A high degree of correspondence between the innovation described by the innovation document and one or more of the innovation descriptions previously stored in the database indicates a higher-than-average likelihood that the inventions are similar. For instance, assuming that the innovation classification system is presented as a tree structure including a root node, intermediate nodes and leaf nodes, the degree of correspondence may be determined on the basis of the number of common nodes, particularly number of common leaf nodes, between the innovation described by the innovation document and an innovation description stored in the database. Instead of the number of common nodes or leaf nodes, or in addition to such a number, the degree of correspondence may be based on the number of common strongly-weighted key words.

An illustrative but non-restrictive application example of the present invention is a computer-assisted novelty search in respect of the innovation document, which may be a claim or a set of claims in an application for a patent or related right. The optimal placement of the innovation document is determined on the basis of the frequency and relative locations of the key words, as described earlier, and then any previously-stored innovation description having the same placement has a higher-than-average likelihood of describing the same or similar innovation, and such similarly-placed innovation descriptions are candidates for prior art references.

In another illustrative mode of utilizing the invention, the innovation document describes a prospective new product or service. In this scenario, a high degree of correspondence between the innovation described by the innovation document and an innovation description stored in the database serves as an indication that the new product or service may infringe the patent right resulting from the innovation description stored in the database.

Yet another specific embodiment comprises filtering the innovation descriptions stored in the database by one or more filters. Technically speaking, such filters may be implemented as criteria for queries to the database. Such filters may be used to generate filtered (restricted) sets of the innovation descriptions stored in the database. For instance, an infringement analysis may use filtering to restrict the analysis to innovations of a given owner (assignee). Filtering may also focus processing to innovations relating to a specific industry sector which, in turn, may be determined by the placement of the innovations in the innovation classification system.
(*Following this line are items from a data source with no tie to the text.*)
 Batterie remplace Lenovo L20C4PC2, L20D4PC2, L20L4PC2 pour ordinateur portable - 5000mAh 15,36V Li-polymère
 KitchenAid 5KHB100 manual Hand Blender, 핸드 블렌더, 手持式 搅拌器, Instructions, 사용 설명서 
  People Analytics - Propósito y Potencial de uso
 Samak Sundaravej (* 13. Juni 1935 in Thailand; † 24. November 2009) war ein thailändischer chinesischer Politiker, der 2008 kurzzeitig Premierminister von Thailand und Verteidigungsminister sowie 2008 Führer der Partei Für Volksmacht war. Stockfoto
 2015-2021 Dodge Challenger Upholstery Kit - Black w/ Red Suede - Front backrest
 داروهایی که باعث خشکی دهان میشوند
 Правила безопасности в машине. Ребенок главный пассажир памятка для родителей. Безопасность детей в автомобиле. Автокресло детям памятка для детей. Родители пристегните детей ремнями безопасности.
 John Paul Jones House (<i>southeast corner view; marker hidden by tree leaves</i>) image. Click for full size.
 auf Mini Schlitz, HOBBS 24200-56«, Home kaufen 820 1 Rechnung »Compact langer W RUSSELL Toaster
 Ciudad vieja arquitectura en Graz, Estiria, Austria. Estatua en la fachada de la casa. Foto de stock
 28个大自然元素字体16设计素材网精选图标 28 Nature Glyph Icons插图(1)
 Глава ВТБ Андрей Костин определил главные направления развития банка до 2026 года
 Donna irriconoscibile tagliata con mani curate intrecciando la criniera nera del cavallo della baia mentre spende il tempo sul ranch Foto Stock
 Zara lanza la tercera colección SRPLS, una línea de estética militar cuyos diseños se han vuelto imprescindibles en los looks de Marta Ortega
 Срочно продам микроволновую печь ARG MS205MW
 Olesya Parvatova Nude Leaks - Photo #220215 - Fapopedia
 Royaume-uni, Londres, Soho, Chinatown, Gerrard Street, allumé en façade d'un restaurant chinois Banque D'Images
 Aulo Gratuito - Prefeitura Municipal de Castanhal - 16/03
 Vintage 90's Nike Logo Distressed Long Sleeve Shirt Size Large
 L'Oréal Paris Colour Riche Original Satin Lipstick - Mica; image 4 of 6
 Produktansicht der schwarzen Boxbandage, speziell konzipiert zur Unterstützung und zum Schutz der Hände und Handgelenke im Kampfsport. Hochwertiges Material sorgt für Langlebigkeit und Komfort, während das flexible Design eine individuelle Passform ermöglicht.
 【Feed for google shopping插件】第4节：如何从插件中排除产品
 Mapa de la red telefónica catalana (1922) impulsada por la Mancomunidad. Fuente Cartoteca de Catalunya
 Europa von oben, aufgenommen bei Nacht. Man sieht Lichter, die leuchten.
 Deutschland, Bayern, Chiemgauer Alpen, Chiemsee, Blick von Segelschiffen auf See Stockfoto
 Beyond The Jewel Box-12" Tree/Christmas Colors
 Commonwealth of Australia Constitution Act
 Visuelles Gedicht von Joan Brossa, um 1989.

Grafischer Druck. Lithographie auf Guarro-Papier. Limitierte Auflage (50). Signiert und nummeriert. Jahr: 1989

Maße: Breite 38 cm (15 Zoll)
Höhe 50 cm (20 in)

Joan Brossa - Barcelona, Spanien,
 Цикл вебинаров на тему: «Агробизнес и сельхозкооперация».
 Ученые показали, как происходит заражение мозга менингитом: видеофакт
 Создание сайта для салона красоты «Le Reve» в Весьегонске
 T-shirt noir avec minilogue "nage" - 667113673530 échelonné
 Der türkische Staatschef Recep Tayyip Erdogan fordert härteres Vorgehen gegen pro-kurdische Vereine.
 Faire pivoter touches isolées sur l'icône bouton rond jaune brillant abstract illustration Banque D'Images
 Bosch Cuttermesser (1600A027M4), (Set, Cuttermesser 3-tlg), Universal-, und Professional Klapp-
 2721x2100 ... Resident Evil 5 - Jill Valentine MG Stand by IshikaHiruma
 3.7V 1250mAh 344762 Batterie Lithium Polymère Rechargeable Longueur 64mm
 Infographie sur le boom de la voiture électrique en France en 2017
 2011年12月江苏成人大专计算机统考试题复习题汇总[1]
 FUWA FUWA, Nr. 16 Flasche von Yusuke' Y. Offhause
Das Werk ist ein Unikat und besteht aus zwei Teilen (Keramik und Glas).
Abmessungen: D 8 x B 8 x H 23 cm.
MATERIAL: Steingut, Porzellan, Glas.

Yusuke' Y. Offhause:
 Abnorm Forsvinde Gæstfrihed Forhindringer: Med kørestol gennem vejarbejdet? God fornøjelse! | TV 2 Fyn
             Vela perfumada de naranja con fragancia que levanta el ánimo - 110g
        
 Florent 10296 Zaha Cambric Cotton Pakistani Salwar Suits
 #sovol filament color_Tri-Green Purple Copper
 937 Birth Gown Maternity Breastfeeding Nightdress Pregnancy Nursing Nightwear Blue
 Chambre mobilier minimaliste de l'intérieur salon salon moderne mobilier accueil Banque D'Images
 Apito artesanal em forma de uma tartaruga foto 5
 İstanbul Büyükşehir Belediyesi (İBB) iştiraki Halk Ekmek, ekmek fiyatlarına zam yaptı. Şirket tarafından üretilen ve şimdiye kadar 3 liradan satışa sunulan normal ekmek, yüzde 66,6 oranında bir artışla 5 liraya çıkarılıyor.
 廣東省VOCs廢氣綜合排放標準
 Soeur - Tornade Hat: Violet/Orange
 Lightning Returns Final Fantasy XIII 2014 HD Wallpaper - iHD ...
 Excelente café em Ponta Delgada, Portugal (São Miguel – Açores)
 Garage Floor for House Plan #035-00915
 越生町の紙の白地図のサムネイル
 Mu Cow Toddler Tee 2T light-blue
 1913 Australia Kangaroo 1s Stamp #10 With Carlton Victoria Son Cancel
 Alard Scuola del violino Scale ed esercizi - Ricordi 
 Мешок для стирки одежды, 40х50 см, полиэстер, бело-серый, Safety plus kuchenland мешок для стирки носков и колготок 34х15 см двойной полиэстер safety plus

For this feature, an innovation classification system modelling the International Patent Classification, or based on it, is better than the one normally used in the United States because the IPC system more accurately reflects intended use while the latter focuses on implementation details regardless of intended use.

The above-described infringement analysis used filtering to find patents which are potentially infringed by a product or service described in an innovation document. But after creation of the database with the inventive innovation classification system, filtering may be used even when it does not relate to any particular innovation document. Examples of filters for such purposes include filters by owner or inventor. Yet further examples include filters by time. For example, the filtering may be used to determine the number of patent applications filed in any given industry sector in any given period of time. Visualization techniques may be used to present an animated (time-dependent) development of patent applications per owner or industry sector.

Yet another mode of utilizing the invention relates to a duty to provide the USPTO with a declaration of patent applications which are sufficiently similar to form a family of applications. Applicants with large numbers of patent applications may utilize the invention in a company-internal database containing innovation descriptions of the company's own patent applications.

BRIEF DESCRIPTION OF THE DRAWINGS

In the following the invention will be described in greater detail by means of specific embodiments with reference to the attached drawings, in which

FIG. 1 shows a general overview of a representative computer system in which the invention can be used;

FIGS. 2A through 2C illustrate exemplary implementations for the various data structures used in the invention;

FIG. 3A shows a method according to an embodiment of the invention;

FIG. 3B illustrates eliminating fill words from an exemplary patent document;

FIG. 4A shows an invention classification system as a node tree structure;

FIG. 4B illustrates using the node tree structure shown in FIG. 4A as an innovation relevance structure;

FIG. 4C illustrates using the innovation relevance structure shown in FIG. 4B as an innovation reflection structure, which indicates correspondence between two (or more) innovations;

FIG. 5A illustrates visualization of innovation build-up per industry sector;

FIG. 5B illustrates comparing the numbers of patents or patent applications of multiple owners;

FIG. 5C illustrates visualizing the number of patents or patent applications for a single owner;

FIG. 5D illustrates visualization of nodes places at different times; and

FIG. 5E illustrates zooming or interactive partial magnification of a section of the innovation classification system.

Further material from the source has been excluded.